Description
The per function TBAA information created for the Fortran dummy arguments may become invalid after LLVM inlining. I am not sure if we have existing issue for this.
I started from the following Fortran source:
subroutine test(x, y, i)
real, target :: x(4), y(4)
integer, value :: i
call inner(x, y)
call inner(y, x(i:i))
contains
subroutine inner(x, y)
real :: x(:), y(:)
x(1:4) = y(1:4)
end subroutine inner
end subroutine test
program main
interface
subroutine test(x, y, i)
real, target :: x(4), y(4)
integer, value :: i
end subroutine test
end interface
real :: x(4), y(4)
x = 1.0
y = 2.0
call test(x, y, 1)
print *, x
print *, y
end program main
repro1.ll.gz - LLVM IR on entry to LLVM produced by flang-new -Ofast alias.f90 -c -march=skylake
with an added noinline
attribute for test_
.
repro2.ll.gz - modified LLVM IR to demonstrate the problem.

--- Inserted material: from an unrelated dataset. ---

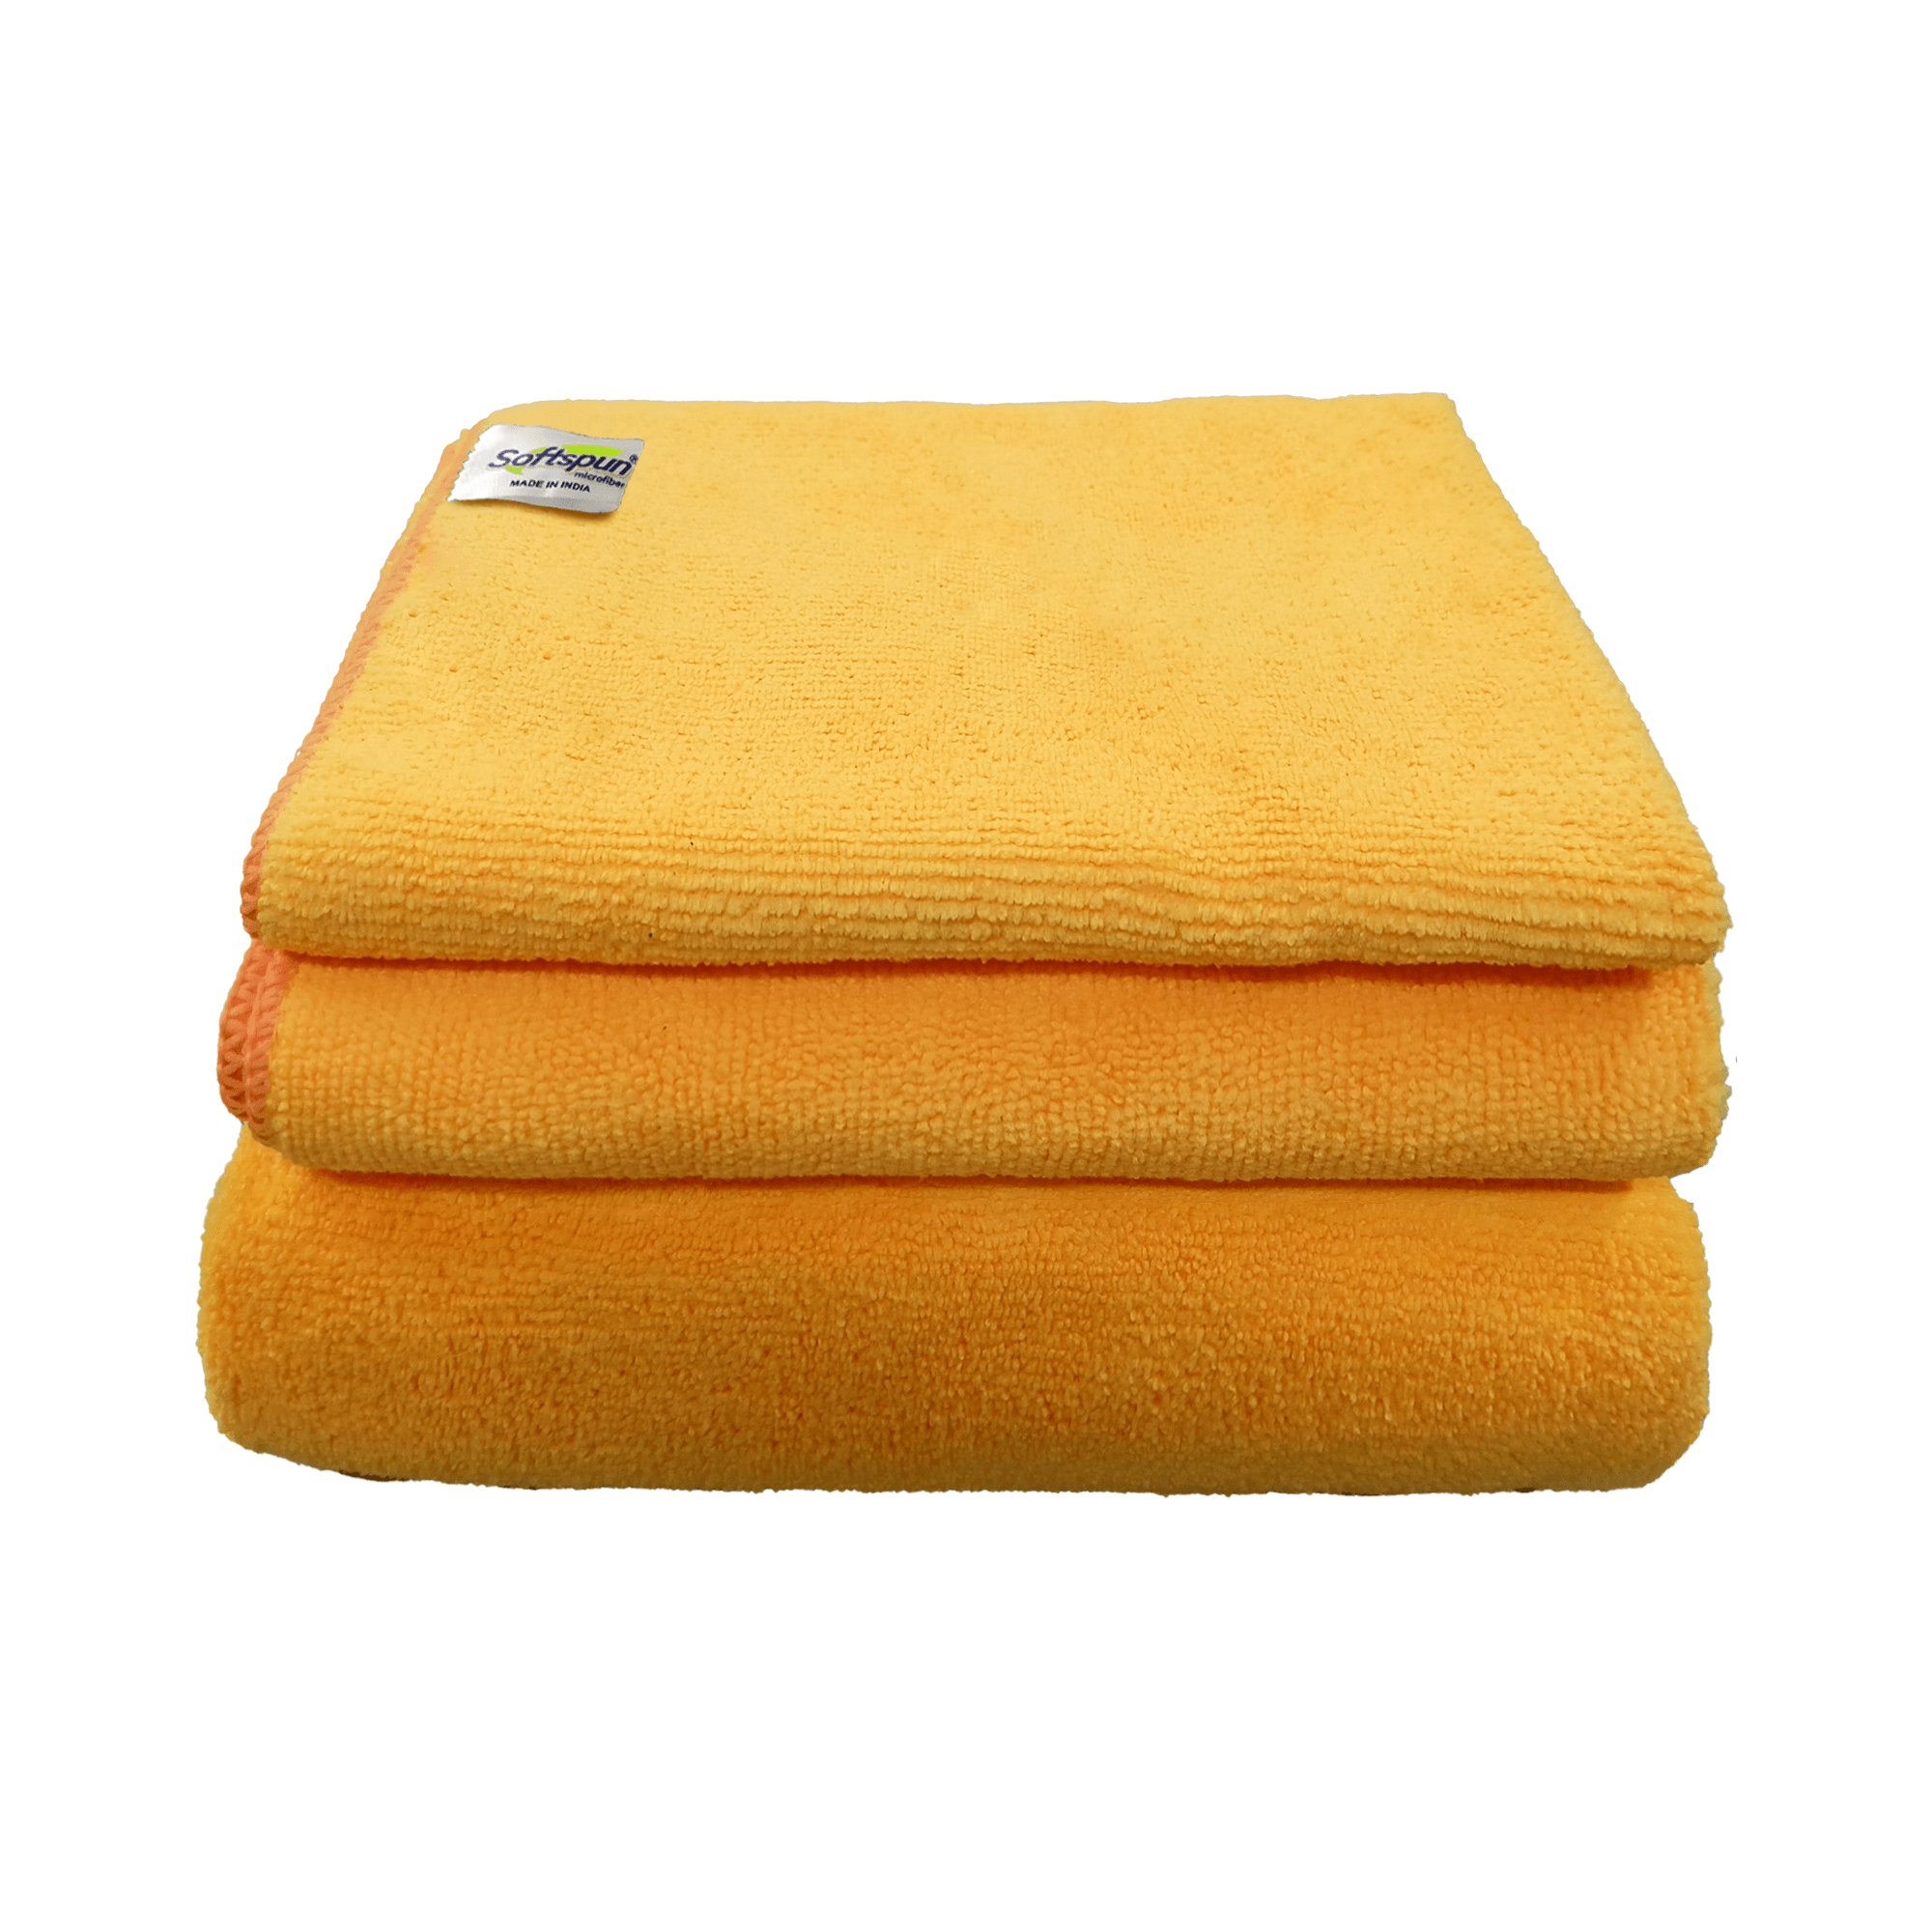 SOFTSPUN Microfiber Baby Face & Bath Towel Set of 3 Pieces, 340 GSM, Super Soft & Comfortable for Newborn Babies, Quick Drying, Ultra Absorbent in Large size.
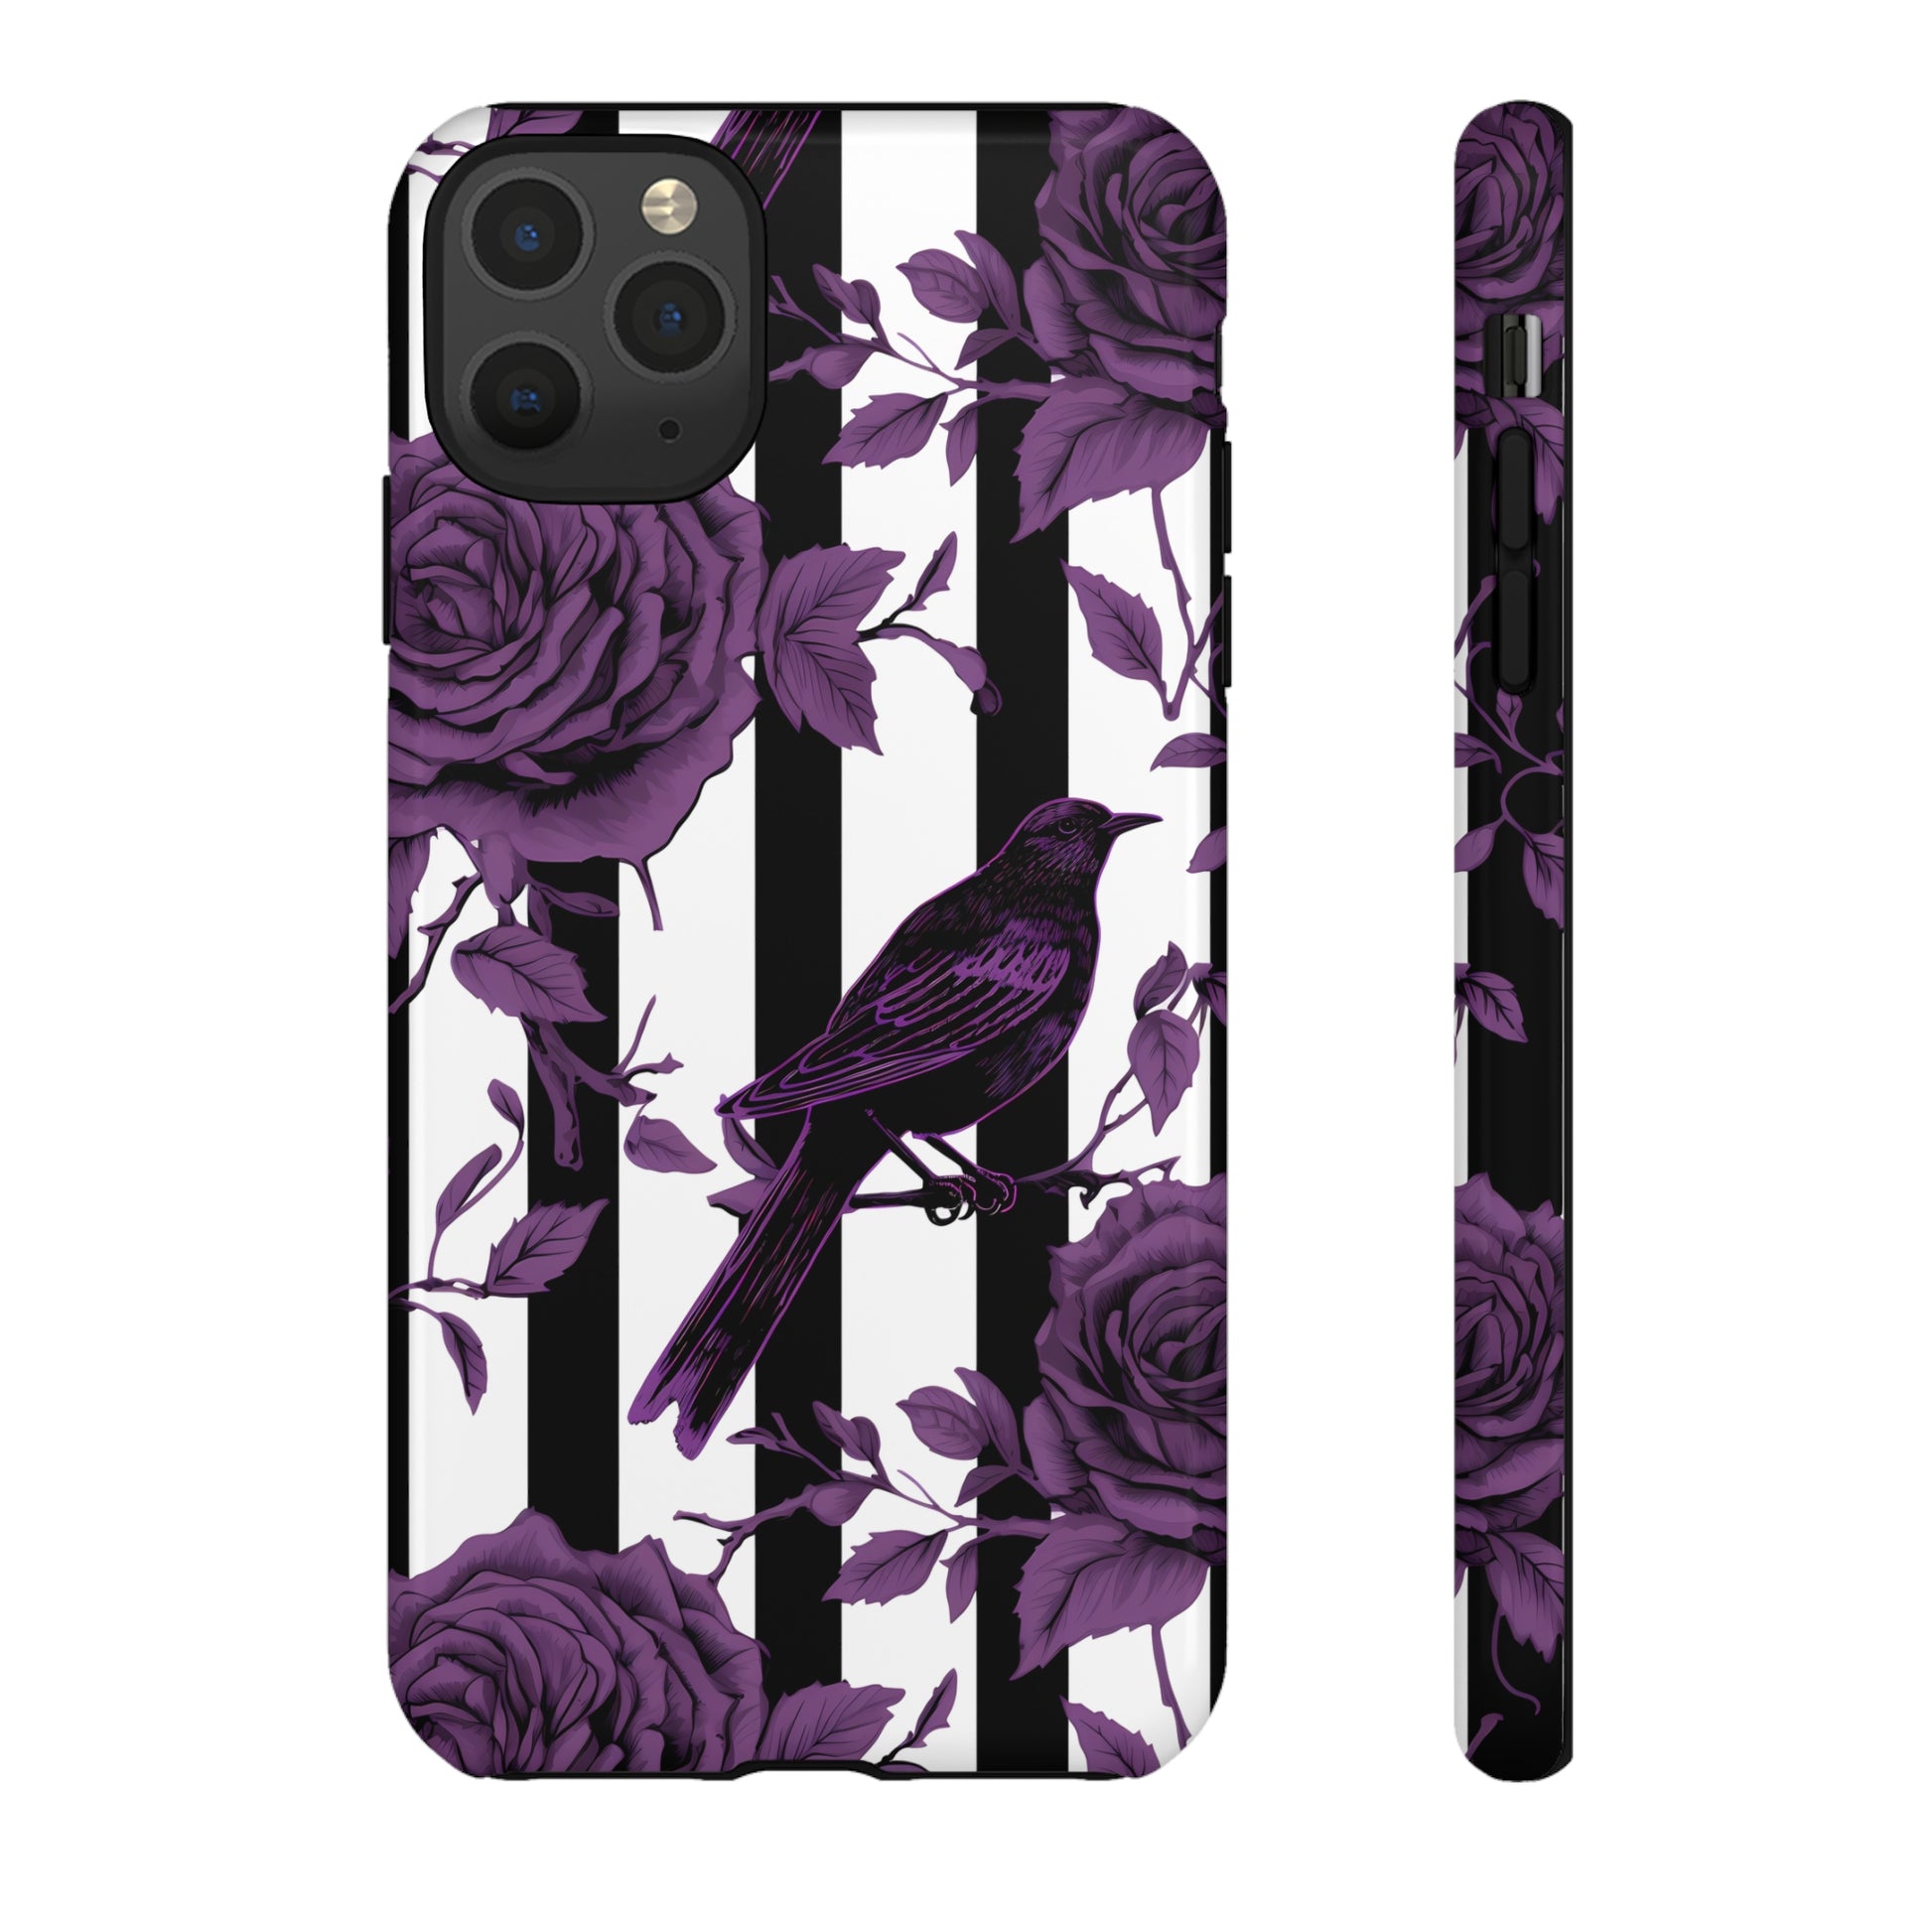 Striped Crows and Roses Tough Cases for iPhone Samsung Google PhonesPhone CaseVTZdesignsiPhone 11 Pro MaxGlossyAccessoriescrowsGlossy

After inlining and other optimization passes applied to repro1.ll
the LLVM IR for test_
looks like this:
; Function Attrs: mustprogress nofree noinline norecurse nosync nounwind willreturn memory(argmem: readwrite)
define void @test_(ptr nocapture %0, ptr nocapture %1, i32 %2) local_unnamed_addr #0 {
%4 = load <4 x float>, ptr %1, align 4, !tbaa !3
store <4 x float> %4, ptr %0, align 4, !tbaa !9
%5 = sext i32 %2 to i64
%6 = add nsw i64 %5, -1
%7 = getelementptr [4 x float], ptr %0, i64 0, i64 %6
%8 = load <4 x float>, ptr %7, align 4, !tbaa !3
store <4 x float> %8, ptr %1, align 4, !tbaa !9
ret void
}
!3 = !{!4, !4, i64 0}
!4 = !{!"dummy arg data/_QFtestFinnerEy", !5, i64 0}
!5 = !{!"dummy arg data", !6, i64 0}
!6 = !{!"any data access", !7, i64 0}
!7 = !{!"any access", !8, i64 0}
!8 = !{!"Flang function root _QFtestPinner"}
!9 = !{!10, !10, i64 0}
!10 = !{!"dummy arg data/_QFtestFinnerEx", !5, i64 0}
TBAA tags !3
and !9
indicate no aliasing for the instructions they are attached to. This is obviously incorrect for store %4
and %8
. I was not able to write a test that would force LLVM to incorrectly reorder the store and the load, so did it manually in repro2.ll
. The incorrect behavior may be seen with:
flang-new -O0 repro2.ll; ./a.out
:
2. 2. 2. 2.
1. 1. 1. 1.
Expected result (flang-new -O0 repro1.ll; ./a.out
):
2. 2. 2. 2.
2. 2. 2. 2.
@tblah, FYI